**ACTIVITY**: Find the line with "La parte posterior" in the data below. Repeat it and every line after it up to the end, exactly, but drop the pictures.

**PROVIDED MATERIAL**:
┏━━
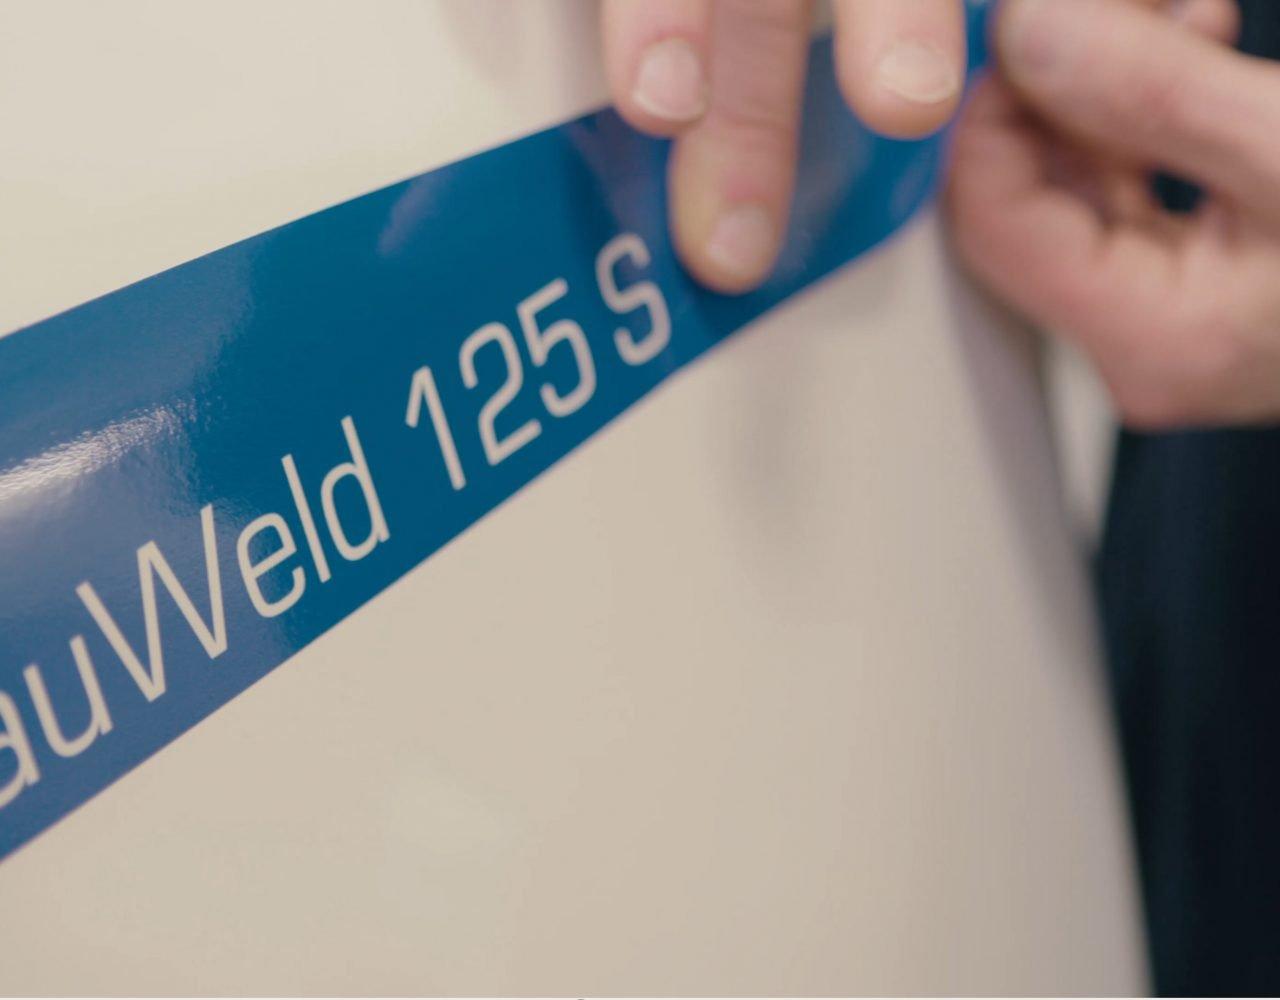 TauWeld 125s
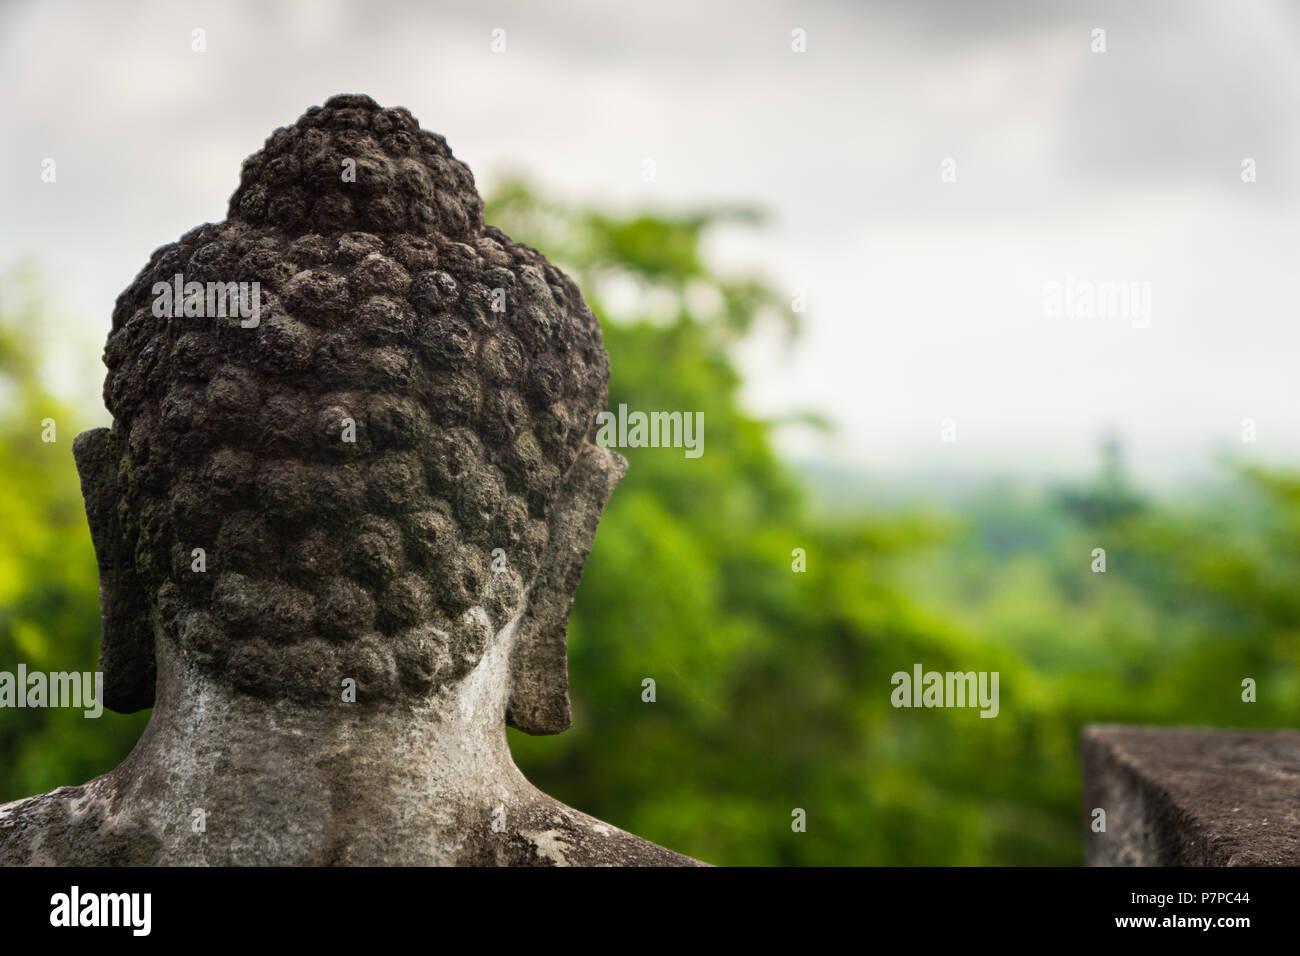 La parte posterior de la cabeza de una estatua de Buda mirando el Templo Borobudur en Indonesia. Imagen De Stock
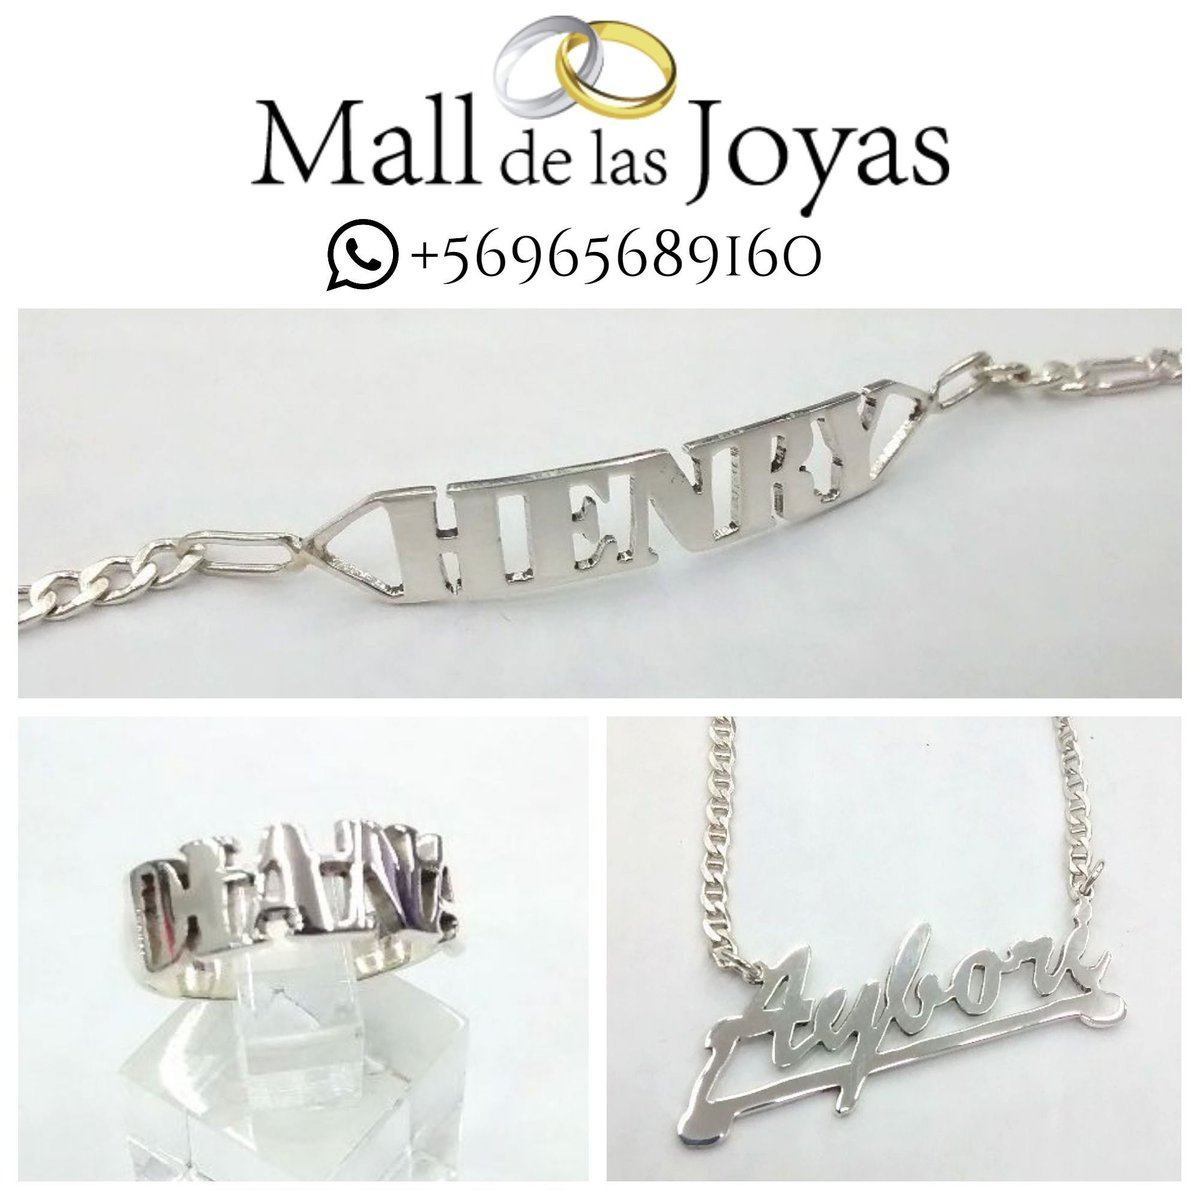 0e223048b84c  chile  santiago  mayorista  oportunidad  venta  joyeria  joyas  plata  oro   cadenas  anillos  aros  pulseras  emprendimiento  negociopic.twitter.com   ...
┗━━
**RESPONSE AREA**:
 La parte posterior de la cabeza de una estatua de Buda mirando el Templo Borobudur en Indonesia. Imagen De Stock
 0e223048b84c  chile  santiago  mayorista  oportunidad  venta  joyeria  joyas  plata  oro   cadenas  anillos  aros  pulseras  emprendimiento  negociopic.twitter.com   ...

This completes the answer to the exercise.